Kisah  lain, yang sangat masyhur, adalah cerita tentang seorang pejabat yang datang ke Madura. Cerita ini entah benar atau tidak, tetapi sekali lagi menunjukkan strategi wicara orang-orang Madura mengelak dari perintah.
Konon pejabat tersebut meminta orang Madura mengukur tinggi sebuah tiang bendera. Perintah yang sesungguhnya aneh, tetapi apa mau dikata, kalau pejabat yang memerintah, rakyat hanya bisa nunut.
Salah seorang dari orang Madura yang hadir dengan sigap langsung memanjat tiang bendera sambil membawa meteran. Belum sampai di pucuk tiang bendera, Sang Pejabat yang khawatir melihatnya, segera menyuruhnya turun.
      "Untuk apa memanjat tiang bendera?" Tanya sang pejabat
      "Untuk mengukur tinggi tiang bendera ta....ye....pak."  Kata orang Madura dengan logat khas Maduranya.

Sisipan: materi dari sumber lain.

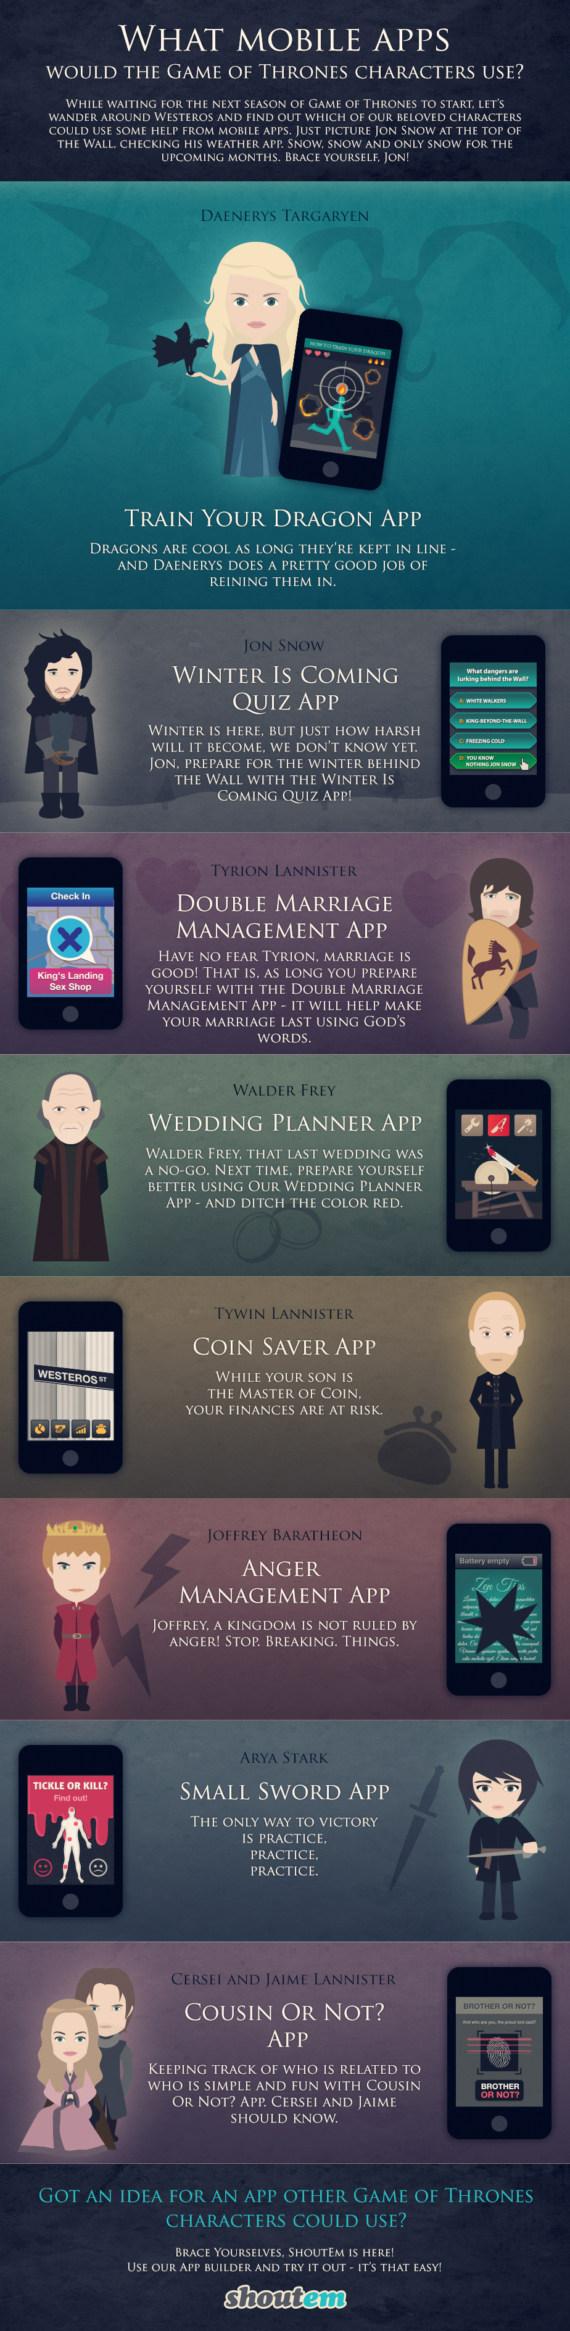 GoT mobile apps

      "Kamu salah, kalau mau mengukur tinggi tiang bendera, tidak perlu memanjat. Cukup turunkan tiang benderanya, rebahkan ke tanah, lalu ukur" Sang Pejabat memberikan penjelasan.

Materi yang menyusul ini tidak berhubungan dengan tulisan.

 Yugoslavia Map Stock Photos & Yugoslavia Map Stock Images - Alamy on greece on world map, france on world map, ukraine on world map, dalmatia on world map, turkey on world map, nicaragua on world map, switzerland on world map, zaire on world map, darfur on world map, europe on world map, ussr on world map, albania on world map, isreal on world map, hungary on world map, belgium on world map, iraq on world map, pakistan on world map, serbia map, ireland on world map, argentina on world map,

      "Tak bisa ta..ye... pak, kalau tiangnya kita turunkan ke tanah lalu diukur memanjang, itu bukan mengukur tinggi pak, tapi mengukur panjang."
Sang pejabat tertegun, Ia tidak menyangka akan mendapatkan jawaban semacam itu. Tetapi akhirnya dia tidak memberikan lagi perintah apa-apa.

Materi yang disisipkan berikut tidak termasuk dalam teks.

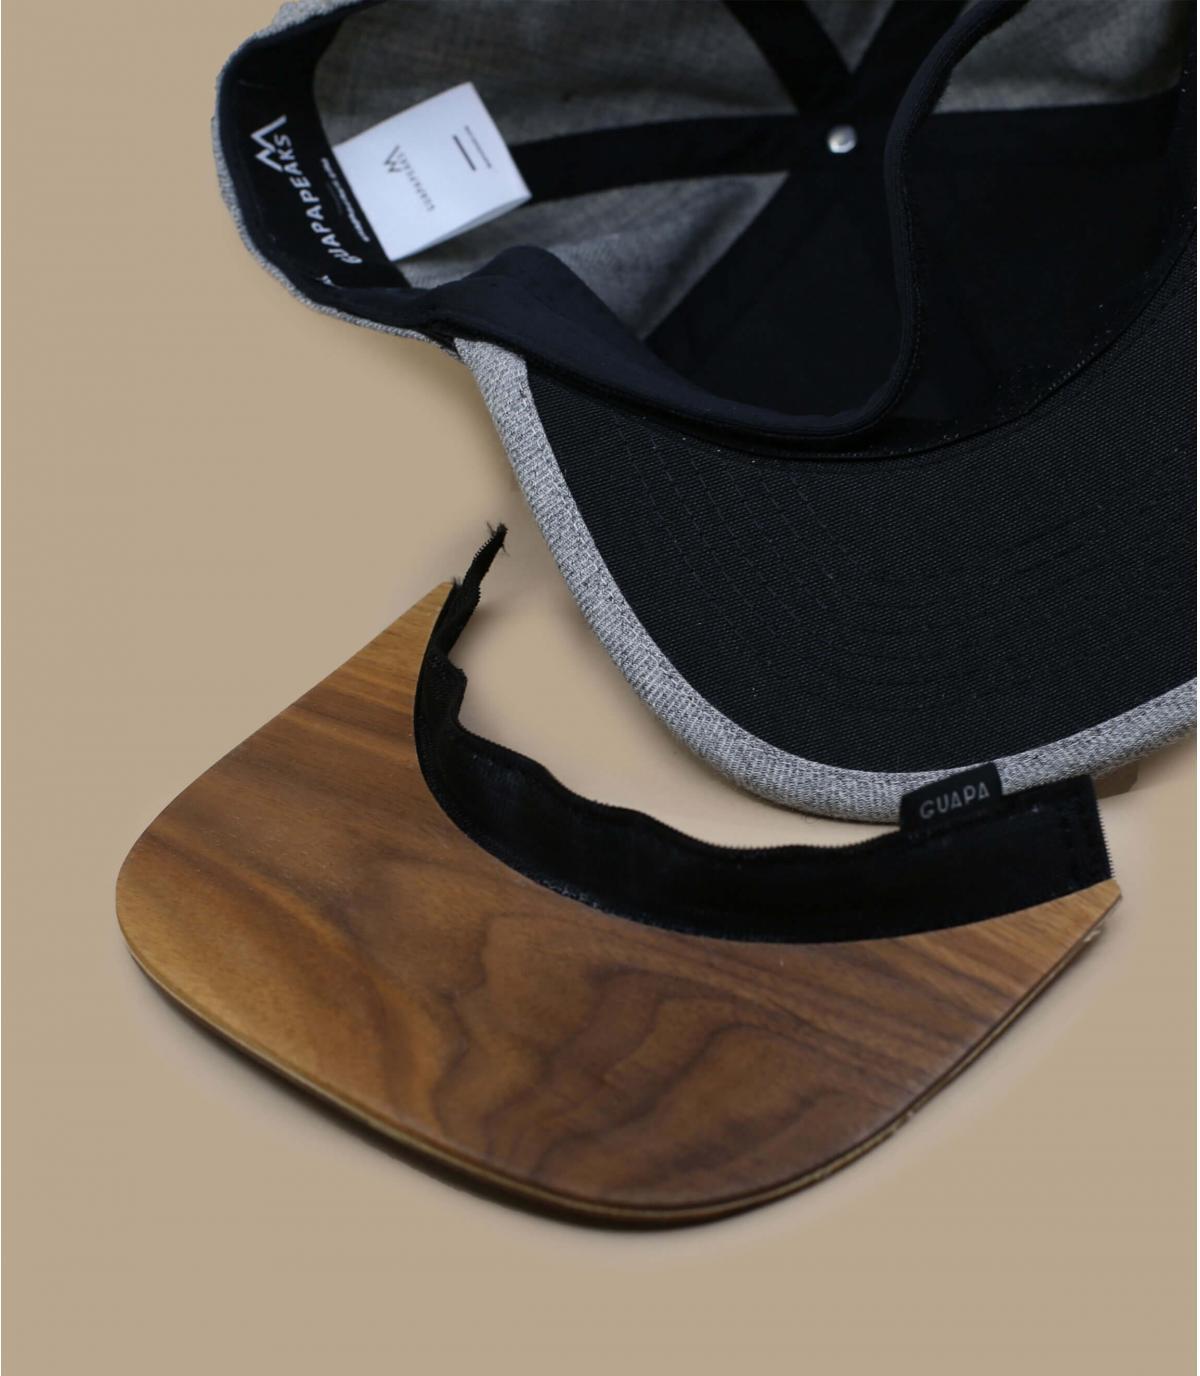 Details Snapback Recycled heather grey - Abbildung 4

Sepintas apa yang diucapkan orang Madura ini adalah cara berkomunikasi biasa yang berlangsung dua arah. Tetapi sejatinya komunikasi ini telah memelesetkan komunikasi dari logika umum. Lawan bicara pun bisa jadi dibuat bingung. Tujuan semula untuk menancapkan kekuasaan lewat cara komunikasi yang terkesan terdidik, ambyar seketika.
Strategi linguistik semacam ini, tentu bukan hanya milik orang-orang Madura semata. Orang-orang Samin atau Sedulur Sikep yang hidup di Kabupaten Blora, Jawa Tengah, menggunakan bahasa Jawa Ngoko. Bahasa yang terkesan  kasar dan rendah tetapi efektif digunakan untuk melawan para mandor hutan dan pejabat Belanda.
Sementara di Sulawesi Selatan, terdapat To Lise (Orang Lise) yang bermukim di kecamatan Panca Lautan, Sidenreng Rappang. Mereka menggunakan bahasa bugis yang disebutnya "ada tongeng" (bahasa apa adanya). Orang luar To lise menyebutnya sebagai lecco-lecco ada (bahasa retoris yang tidak masuk akal).